NVIDIA’s T4 GPU, now available in regions around the world, accelerates a variety of cloud workloads, including high-performance computing (HPC), machine learning training and inference, data analytics, and graphics.
In January of this year, NVIDIA announced the availability of the NVIDIA T4 GPU in beta, to help customers run inference workloads faster and at a lower cost.
Earlier this month at Google Next ‘19, NVIDIA announced the general availability of the NVIDIA T4 in eight regions, making Google Cloud the first major cloud service provider to offer it globally.

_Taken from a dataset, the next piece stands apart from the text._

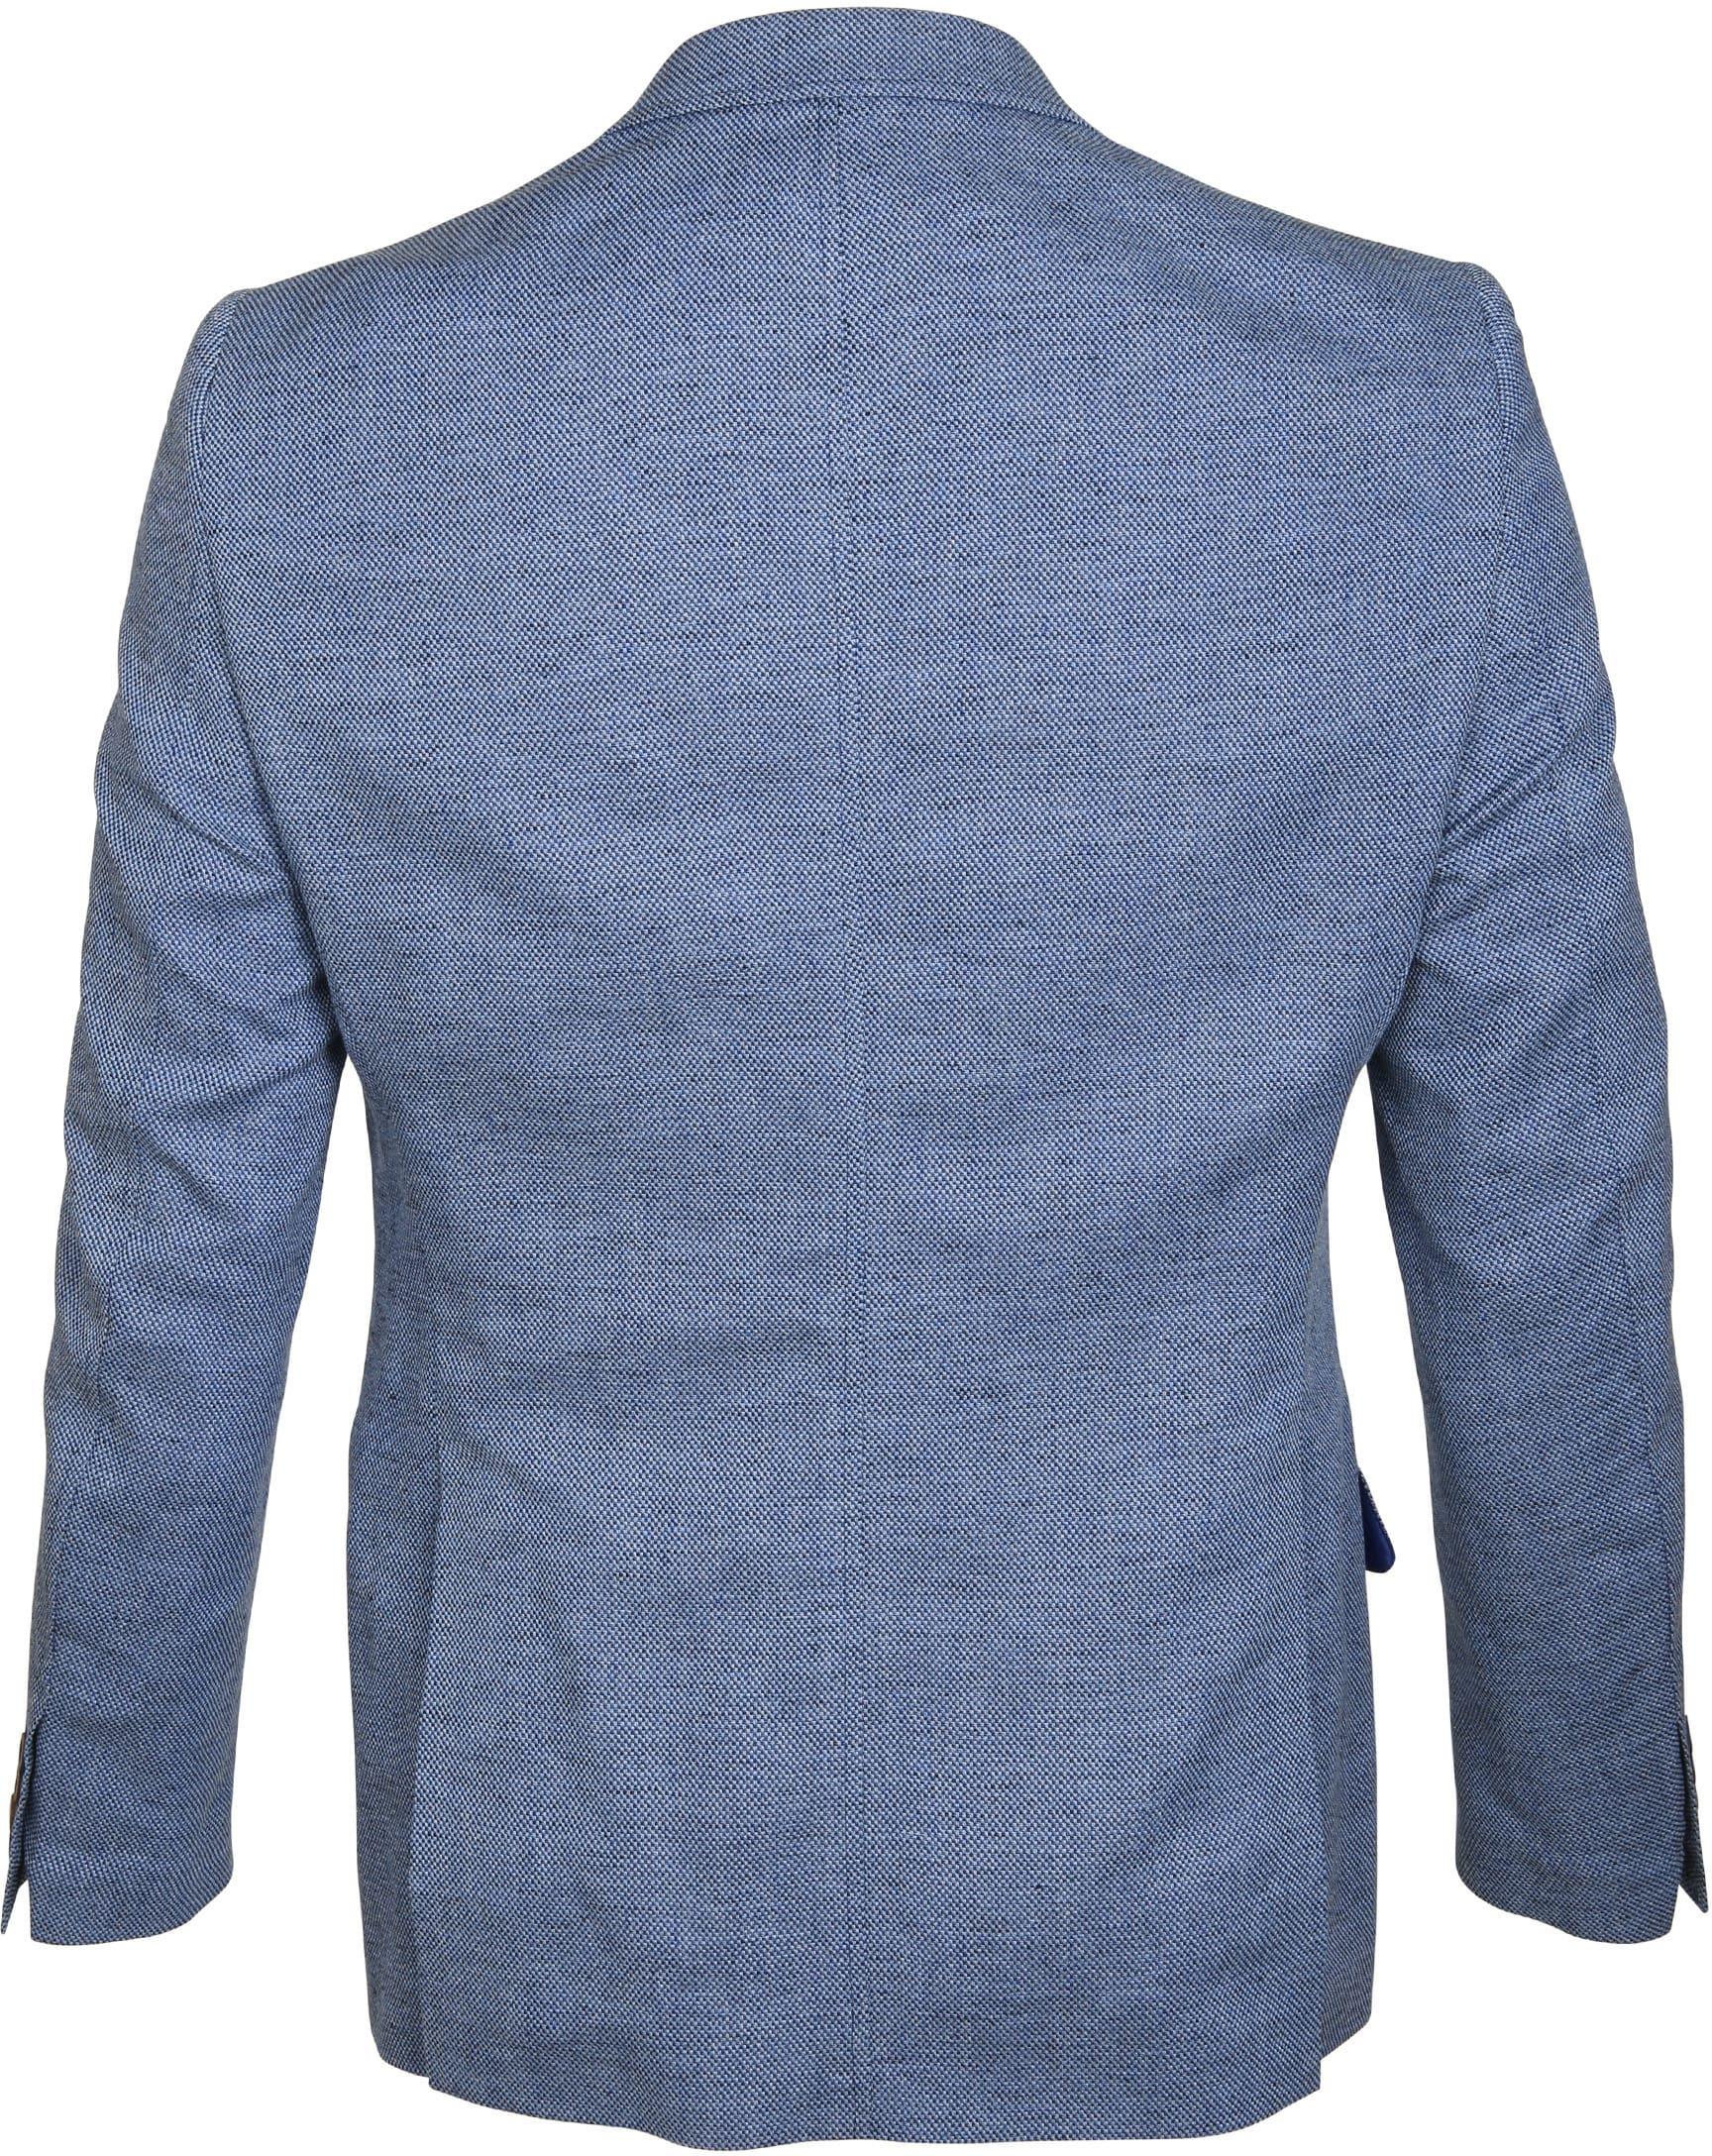 Suitable Blazer LeLuc Blau foto 3

A focus on speed and cost-efficiency
Each T4 GPU has 16 GB of GPU memory onboard, offers a range of precision (or data type) support (FP32, FP16, INT8 and INT4), includes NVIDIA Tensor Cores for faster training and RTX hardware acceleration for faster ray tracing.
Customers can create custom VM configurations that best meet their needs with up to four T4 GPUs, 96 vCPUs, 624 GB of host memory and optionally up to 3 TB of in-server local SSD.
At the time of publication, prices for T4 instances started at US$0.29 per hour per GPU on preemptible VM instances.
On-demand instances start at US$0.95 per hour per GPU, with up to a 30% discount with sustained use discounts.
Tensor Cores for both training and inference
NVIDIA’s Turing architecture brings the second generation of Tensor Cores to the T4 GPU. Debuting in the NVIDIA V100 (also available on Google Cloud Platform), Tensor Cores support mixed-precision to accelerate matrix multiplication operations that are prevalent in ML workloads.
If a training workload doesn’t fully utilise the more powerful V100, the T4 offers the acceleration benefits of Tensor Cores, but at a lower price.
This is great for large training workloads, especially as businesses scale up more resources to train faster, or to train larger models.
Tensor Cores also accelerate inference, or predictions generated by ML models, for low latency or high throughput.
When Tensor Cores are enabled with mixed precision, T4 GPUs on GCP can accelerate inference on ResNet-50 over 10X faster with TensorRT when compared to running only in FP32.
Considering its global availability and Google’s network, the NVIDIA T4 on GCP can serve global services that require fast execution at an efficient price point.
For example, Snap uses the NVIDIA T4 to create more effective algorithms for its global user base, while keeping costs low.
Snap monetisation senior director Nima Khajehnouri says, “Snap’s monetisation algorithms have the single biggest impact to our advertisers and shareholders. NVIDIA T4-powered GPUs for inference on GCP will enable us to increase advertising efficacy while at the same time lower costs when compared to a CPU-only implementation.”
Quadro Virtual Workstations on GCP
T4 GPUs are also a great option for running virtual workstations for engineers and creative professionals.
With NVIDIA Quadro Virtual Workstations from the GCP Marketplace, users can run applications built on the NVIDIA RTX platform to experience the next generation of computer graphics, including real-time ray tracing and AI-enhanced graphics, video and image processing, from anywhere.
“Access to NVIDIA Quadro Virtual Workstation on the Google Cloud Platform will empower many of our customers to deploy and start using Autodesk software quickly, from anywhere,” says Autodesk senior software development manager Eric Bourque.
“For certain workflows, customers leveraging NVIDIA T4 and RTX technology will see a big difference when it comes to rendering scenes and creating realistic 3D models and simulations. We’re excited to continue to collaborate with NVIDIA and Google to bring increased efficiency and speed to artist workflows."